Data segment:
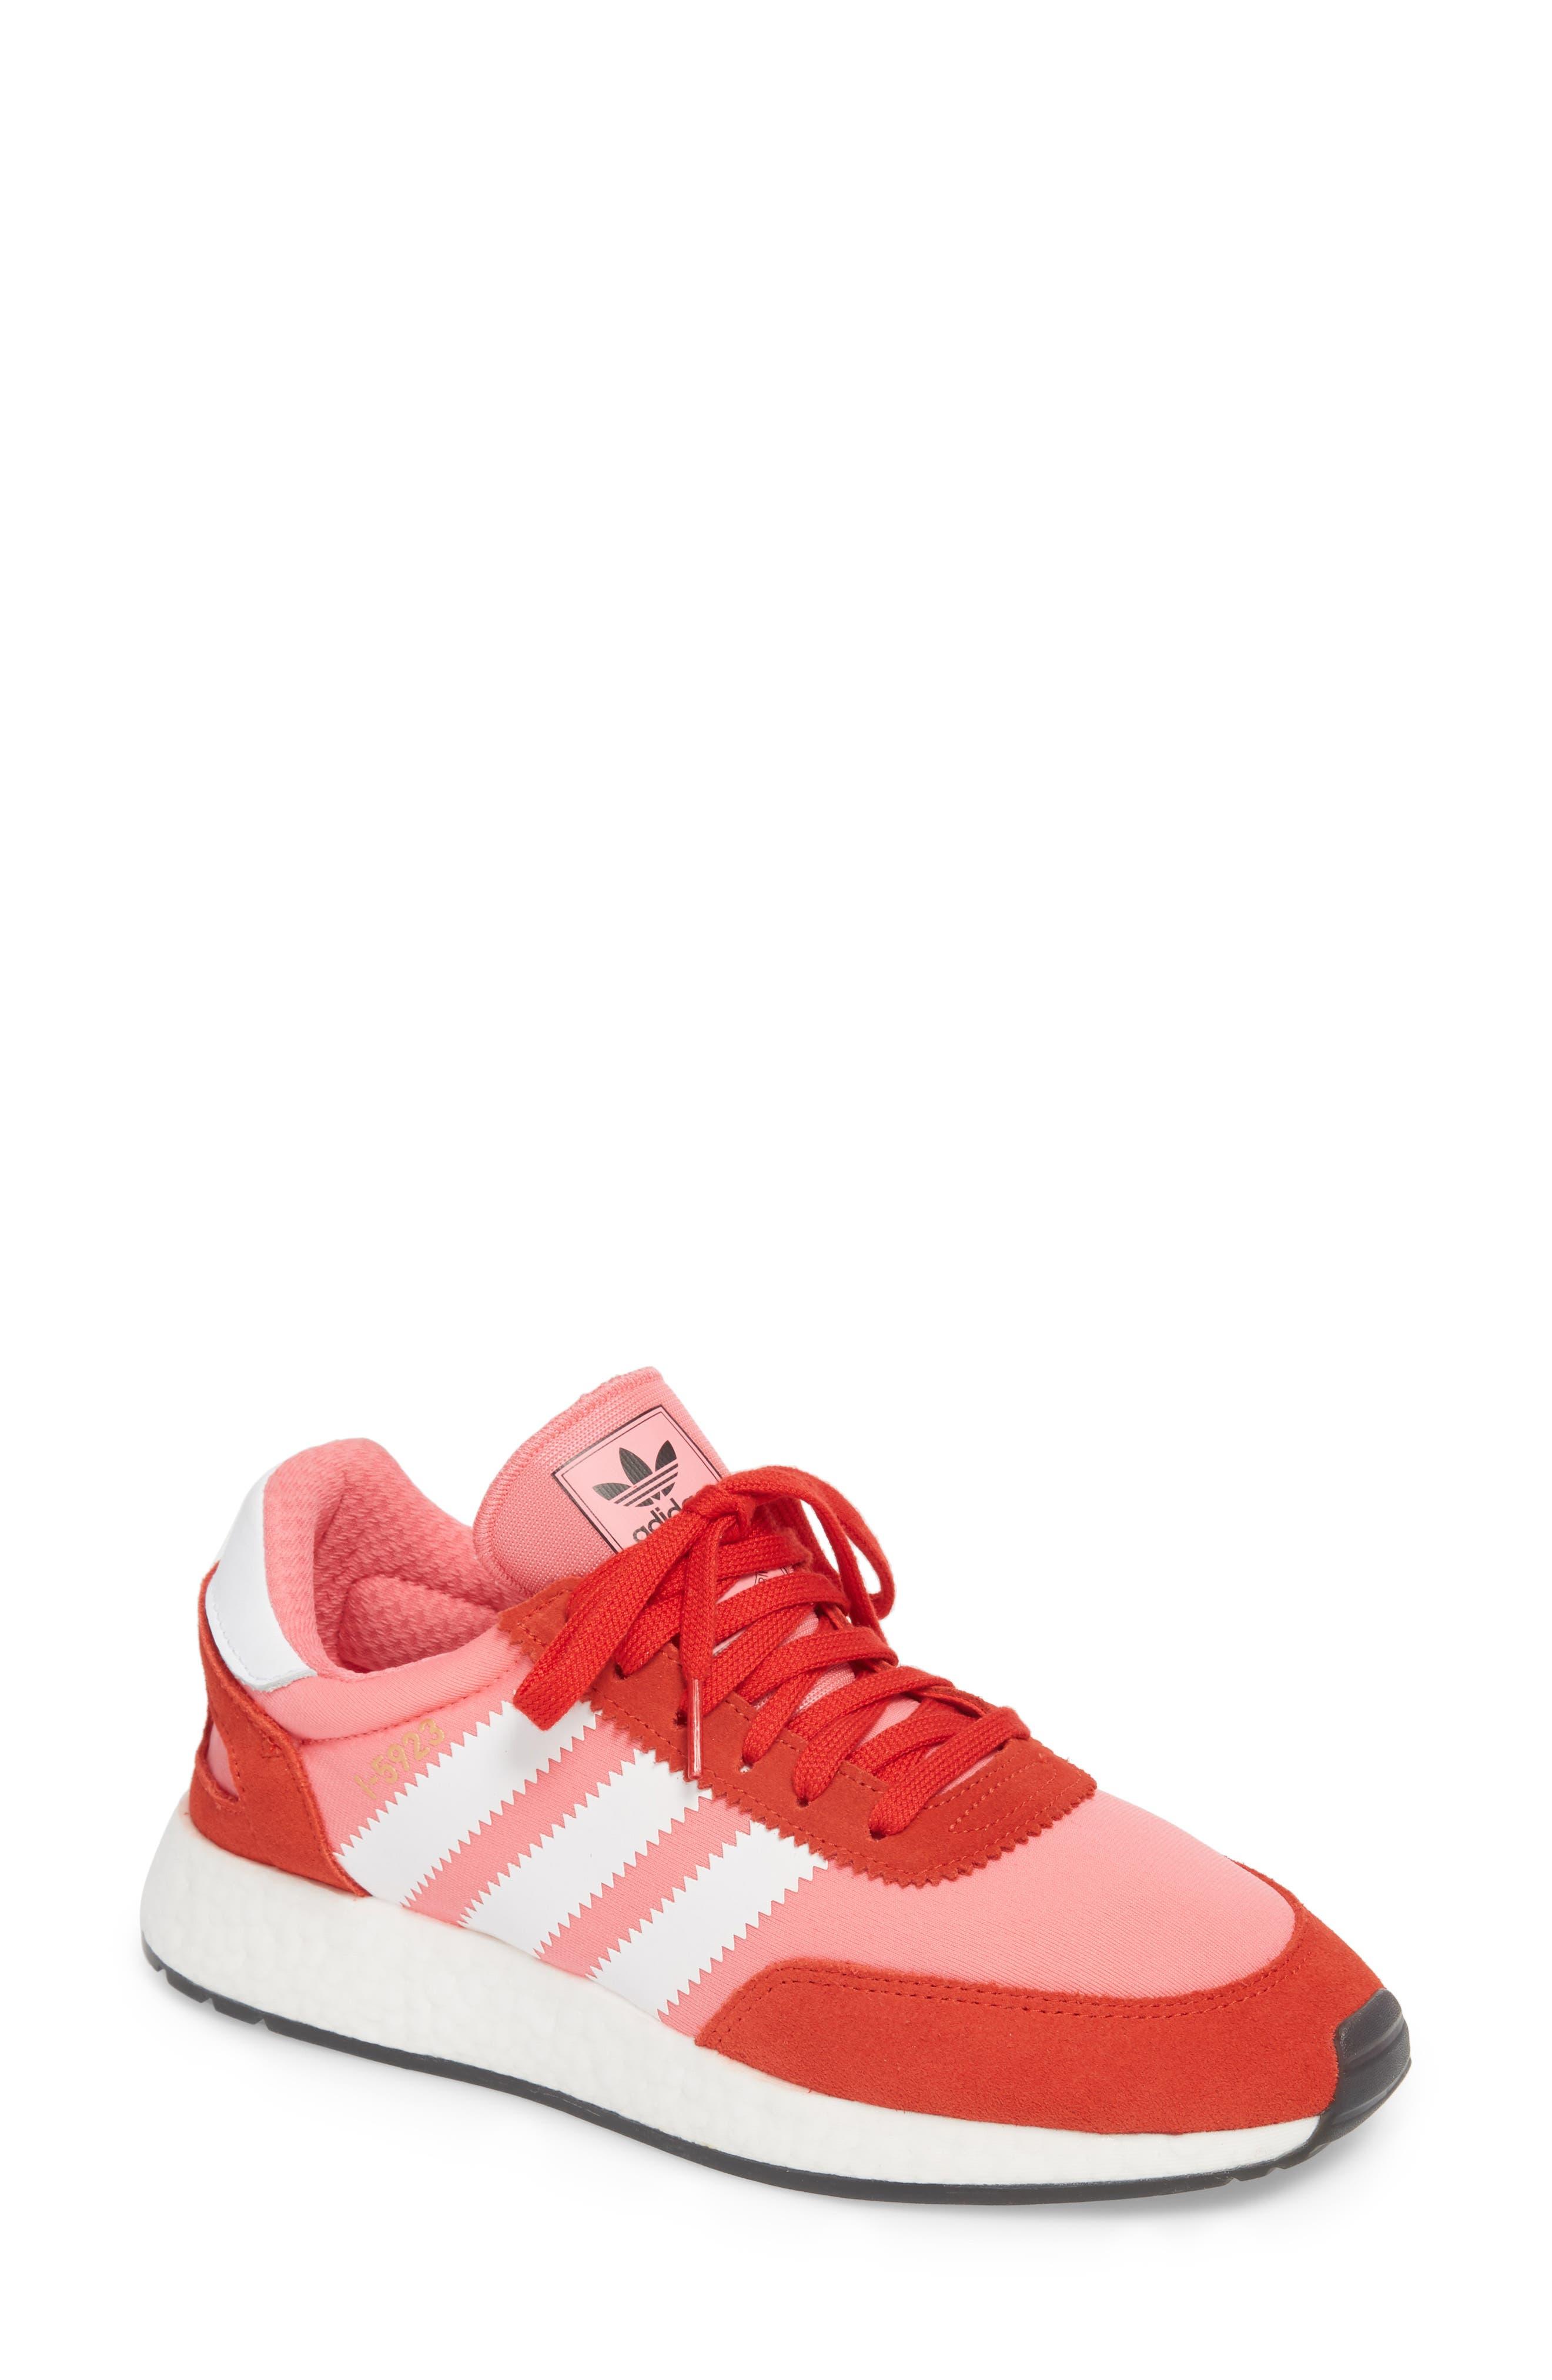 le adidas scarpe rosa nordstrom
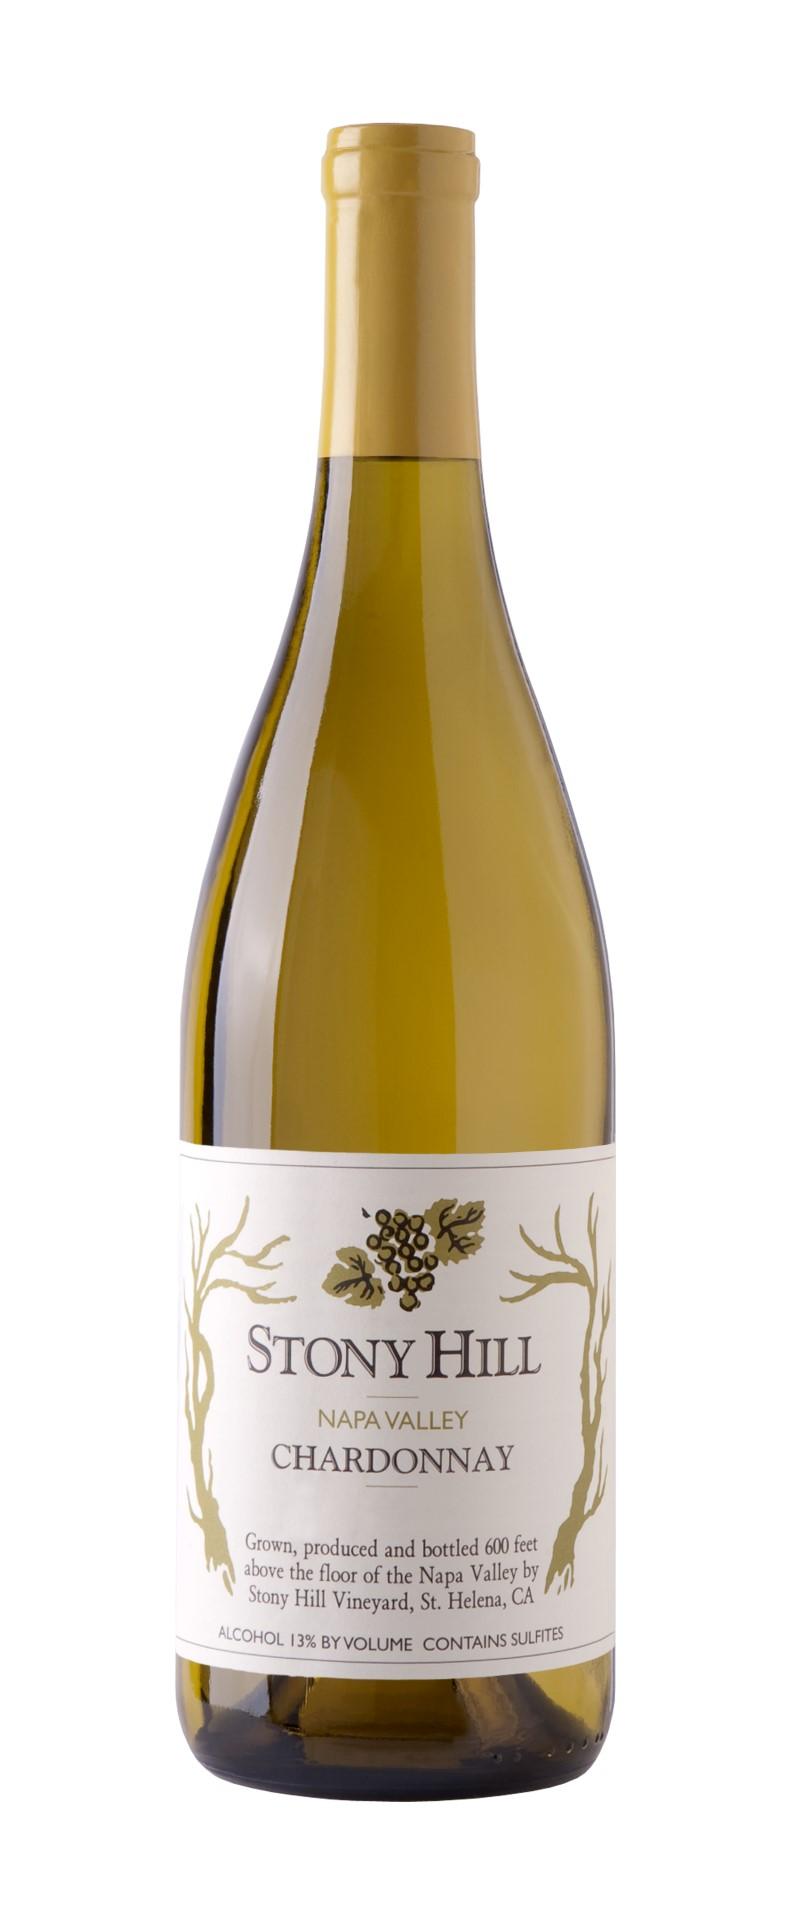 2015 Stony Hill Chardonnay Spring Mountain District
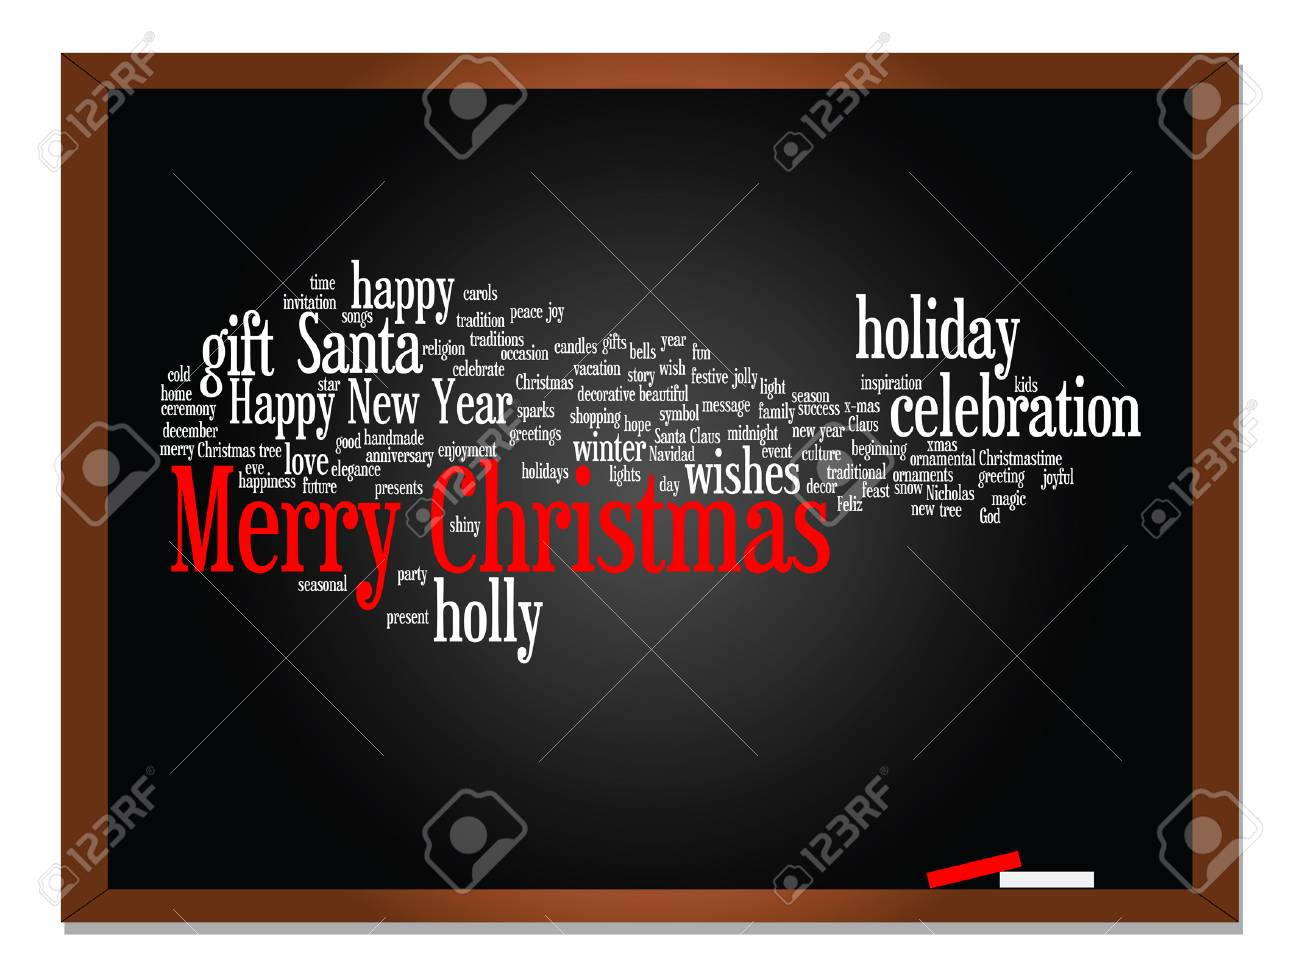 Buon Natale Del C Testo.Vector La Nuvola Concettuale Di Parola Del Testo Di Buon Natale Di

About this exercise: Retype, word for word, the line containing "2015 Stony Hill" and each line after it through the end of the data, leaving any picture out.

Answer:
 2015 Stony Hill Chardonnay Spring Mountain District
 Buon Natale Del C Testo.Vector La Nuvola Concettuale Di Parola Del Testo Di Buon Natale Di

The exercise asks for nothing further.